|This installation information reprinted from Greenlee Textron's "Countdown to a Smooth Installation" booklet, written by RCDD/LAN Specialist Steve Cowles, in no way enables someone to perform these types of installations. Proper training and preparation are essential before installing.
1) Check All Materials Upon Arrival, well before starting the job. This will help avoid delays due to defective, incorrect or missing products. Especially double check to make sure that the wiring configuration of the jacks matches that of the patch panels (example: both are 568B or both 568A). One of the most common problems is finding out after terminating your jacks and panels that you installed panels of one configuration and jacks of another.
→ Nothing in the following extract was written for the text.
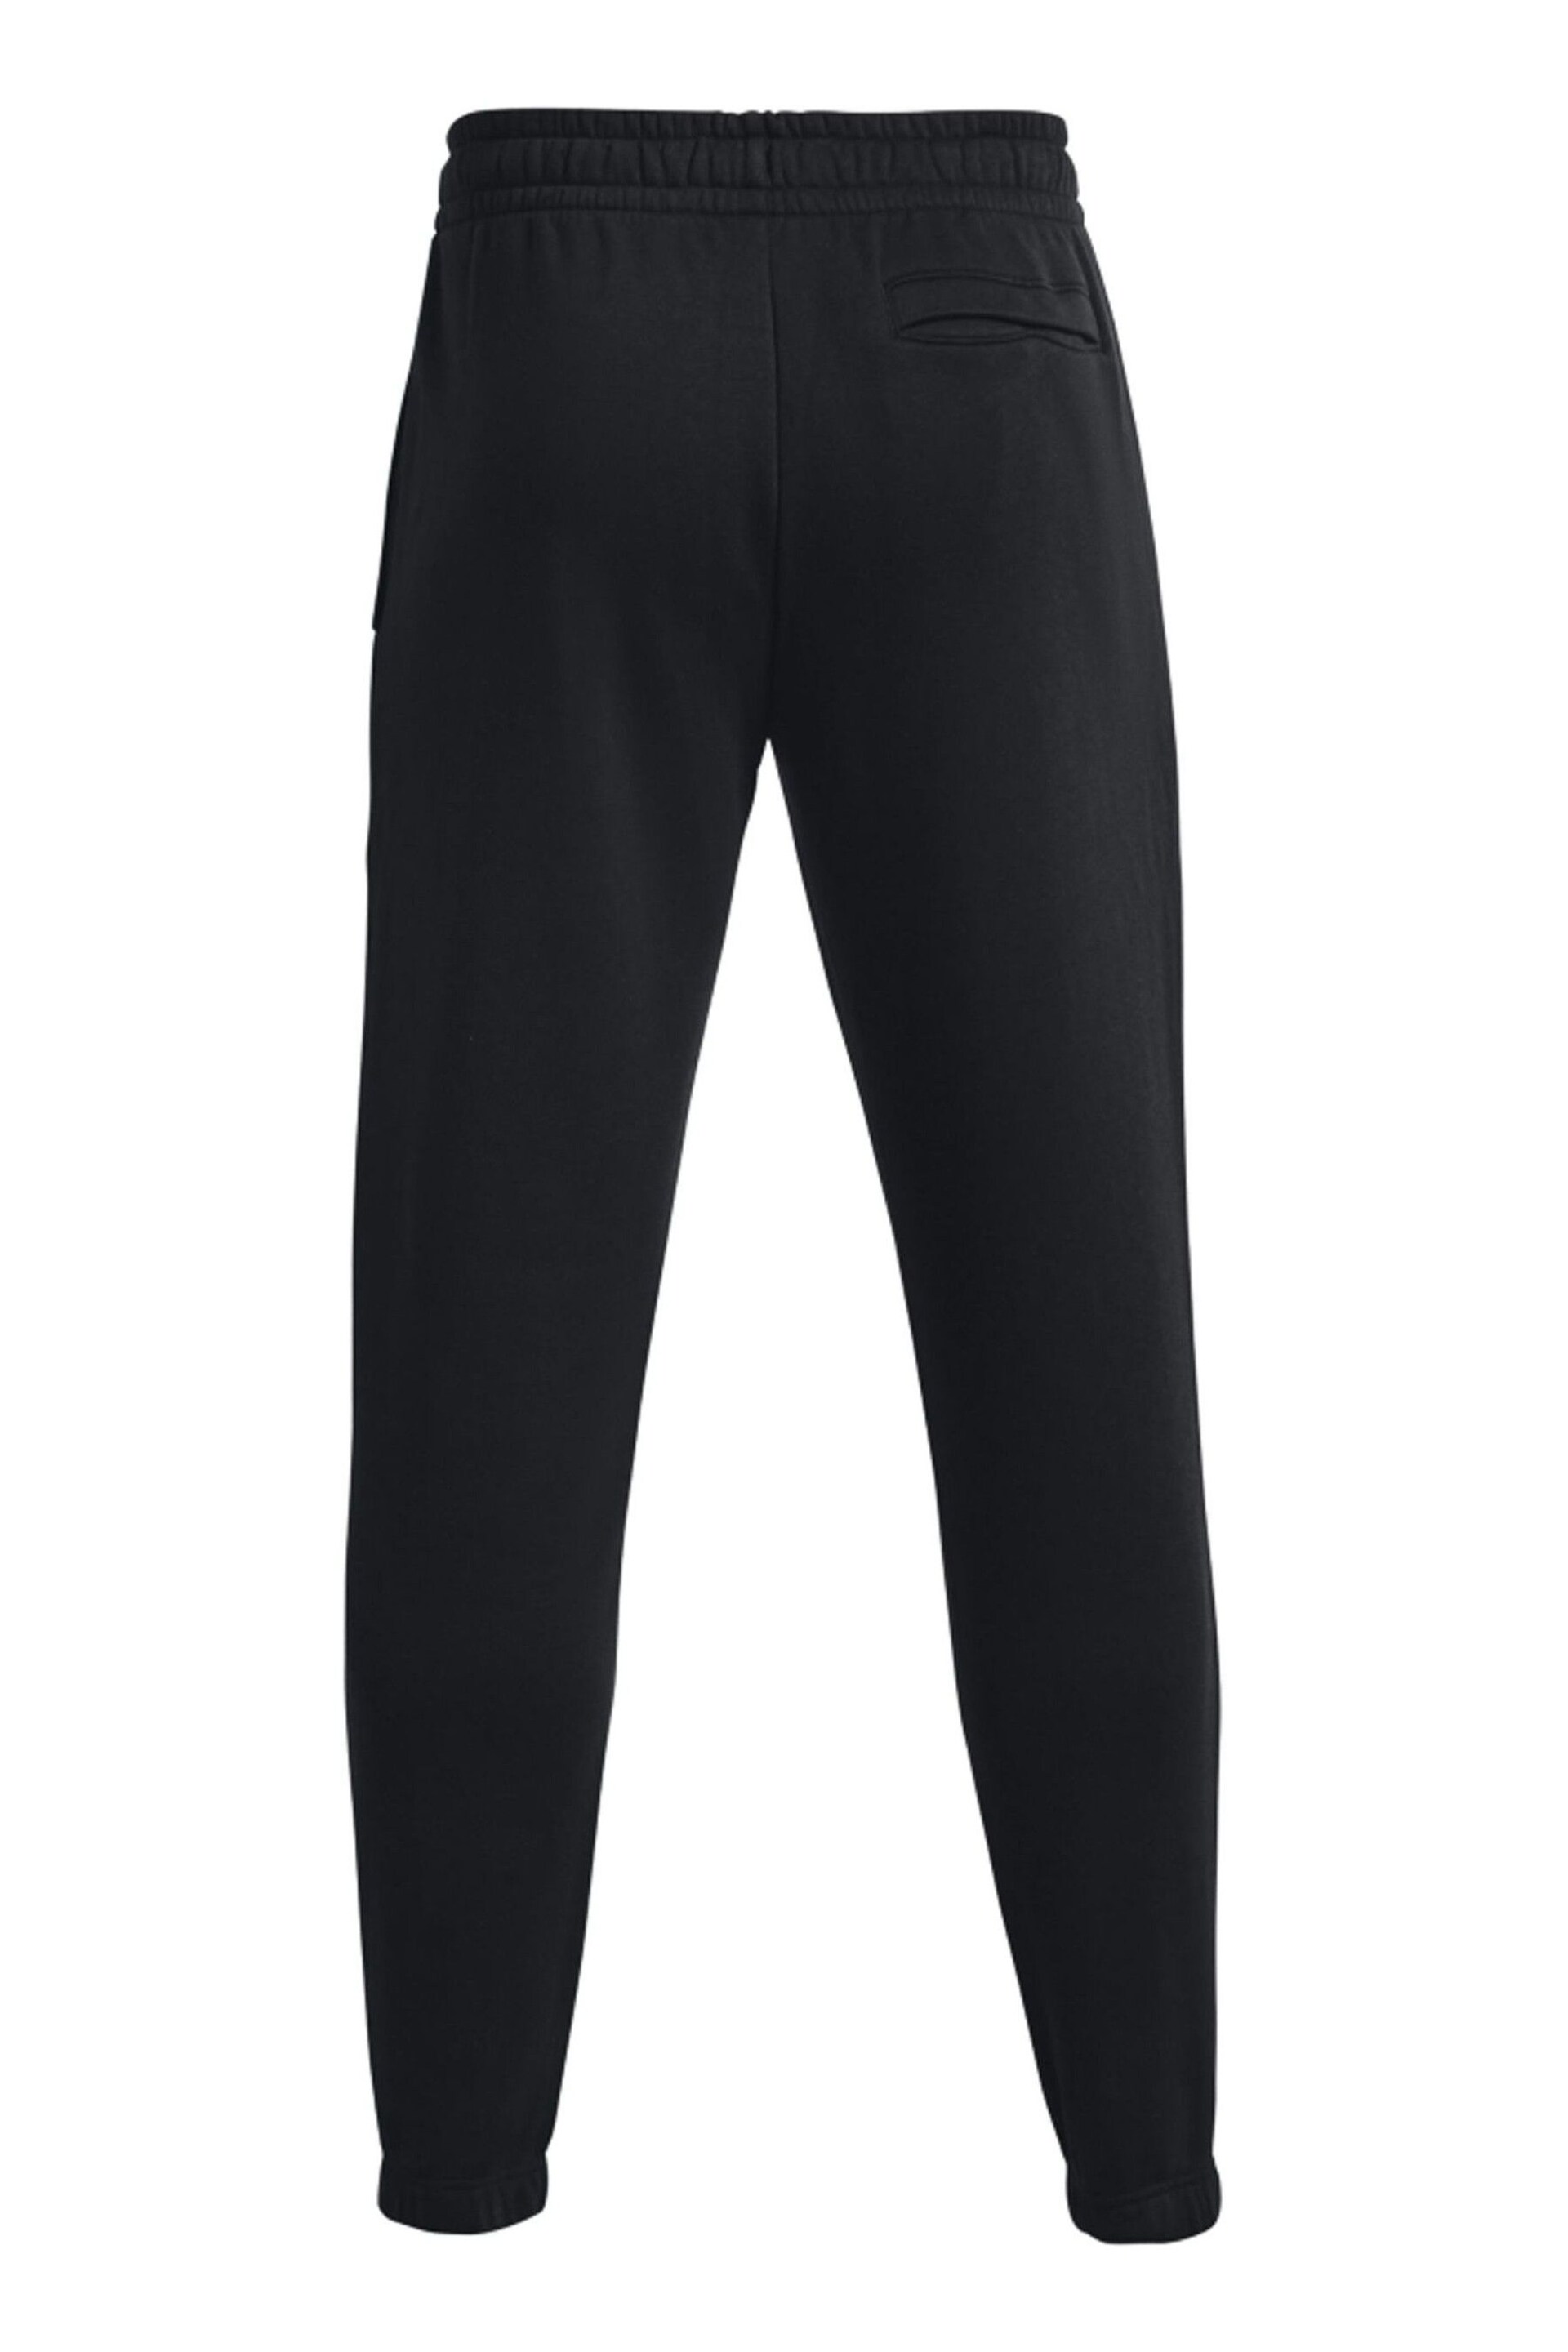 Under Armour Black Essential Joggers - Image 6 of 6

Even if you've only terminated 20 stations, it can be very frustrating and costly to purchase new materials and re-terminate.
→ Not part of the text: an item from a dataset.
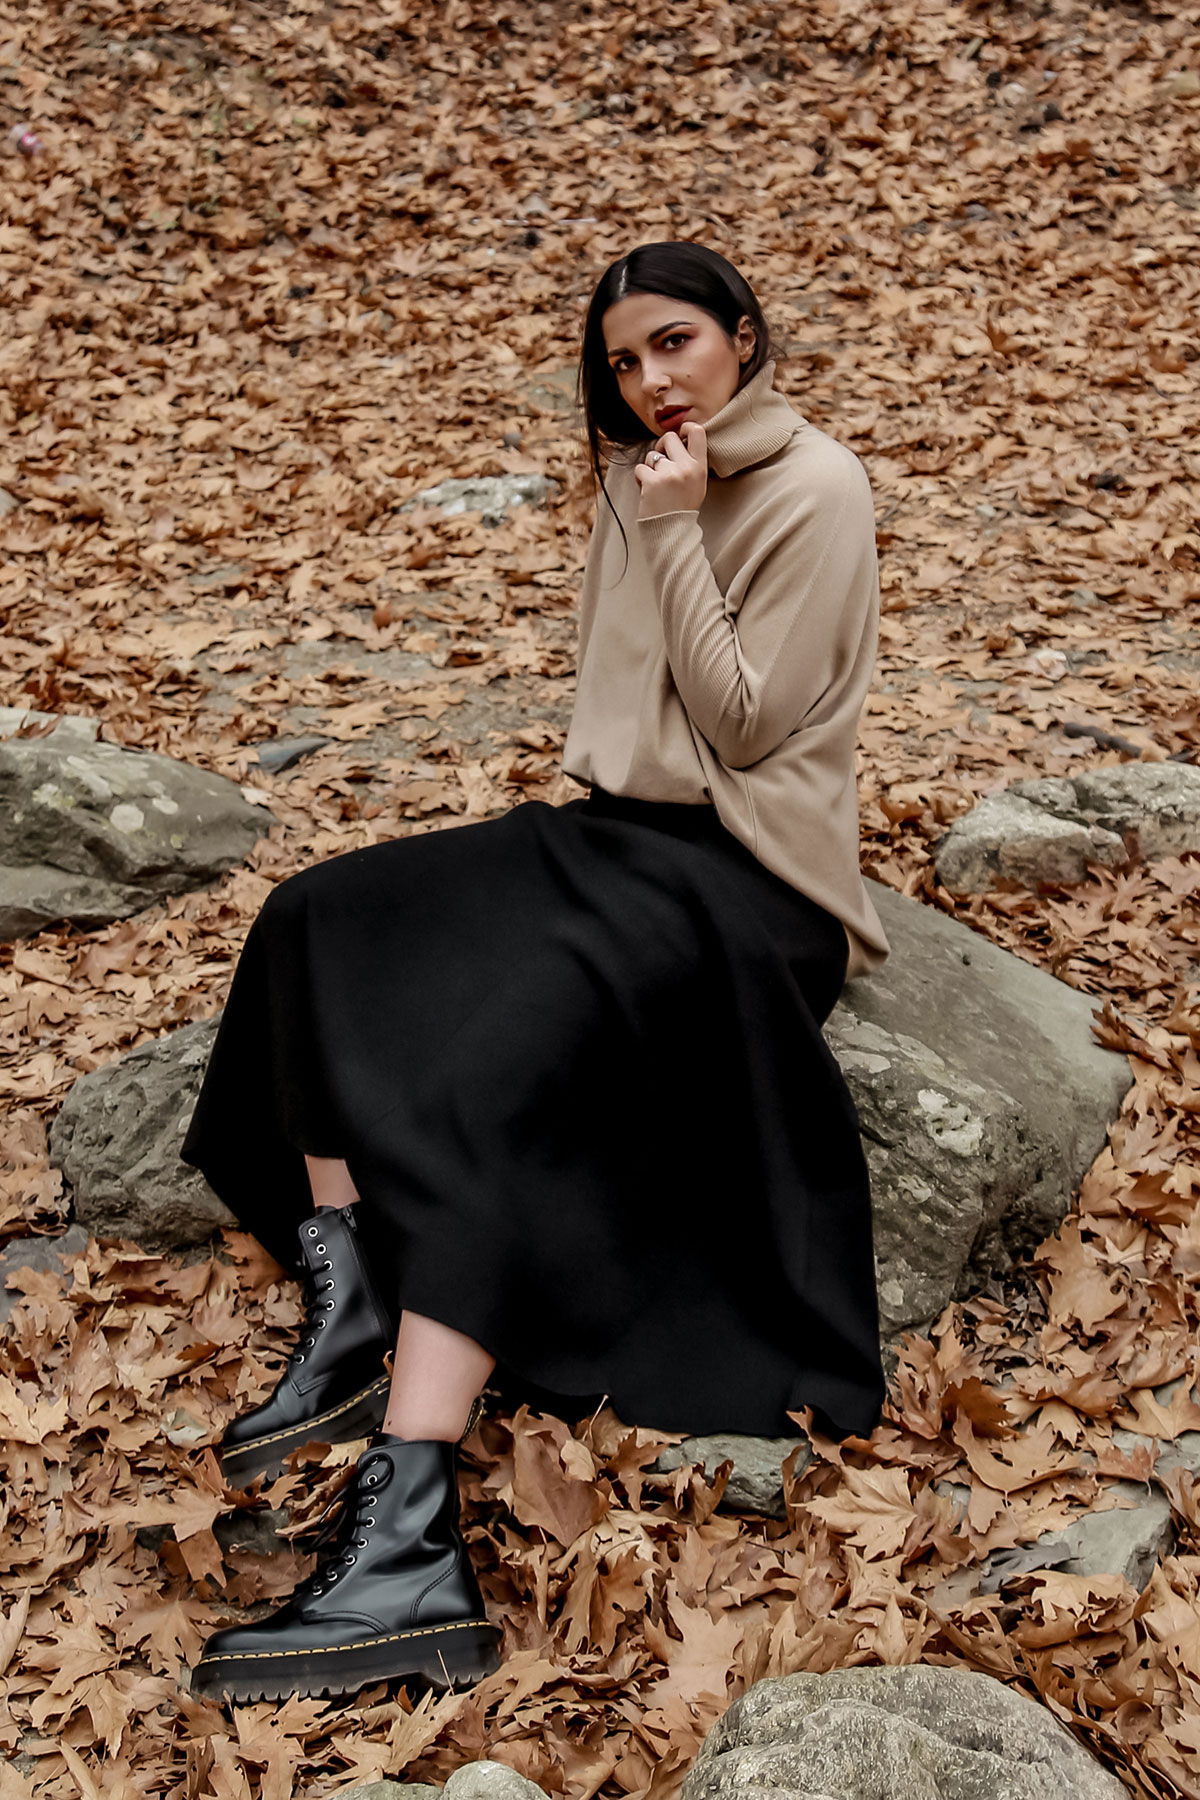 favourite fall wardrobe staples by Stella Asteria - wearing turtleneck sweater with knit skirt and Dr Martens boots

2) Verify Wiring Configuration. A common misconception is that because the existing installation is TIA/EIA-568A compliant, the wiring configuration is, therefore, 568A. However, you could have a TIA/EIA-568A compliant installation with 568A or 568B wiring since either is acceptable. When adding to the current infrastructure, it would be a mistake to wire to 568B when the current configuration is 568A, or visa versa. For new installations, verify user requirements and be consistent for the entire installation.
3) Communicate with the Customer to ensure that all parties involved are clear on what is to be done. It is not unusual for a customer to change their mind on where they want a particular wall outlet, the total number of stations, the color of wall plates or other particulars in the middle of the job. A pre-installation walk through with the customer, going over placement of jacks, wall plate color, panel locations in the wiring closet and so on can help avoid problems down the road.
4) Map Out All Cable Pathways before pulling any cable. In a typical drop-ceiling installation, start at the wall outlet and work your way back to the closet moving ceiling tiles, checking to be sure that you have a clear path for the cable. Once the path has been determined, install support hardware necessary (e.g. J-hooks or bridle rings). Now, you are ready to fish and/or place your pull string and begin pulling cable. This step may seem obvious, but much time can be wasted due to improper planning for the cable pull.
5) Group Station Cables coming from the patch panel in bundles that correspond to the port grouping on the panel. This will better facilitate troubleshooting and changes. For instance, jacks are organized in groups of six on the panel. Therefore, bundle station cables accordingly such that cables 1-6 constitute your first bundle, cables 7-12, your second bundle and so on.
6) When Punching Down on a 110 Block DO NOT untwist the pair to place the conductors in the slots. Instead, spread the pair apart just enough to allow it to be pushed over the colored dividing post on the block. This technique will leave the pair twisted above and below the point of termination, holding the pair in place while you use the punchdown tool. It will also maintain the pair twist as close as possible to the point of termination. ANSI/TIA/EIA-568A states that for Category 5 cables the amount of untwisting in a pair as a result of termination to connecting hardware shall be no greater than 13 mm (0.5 ").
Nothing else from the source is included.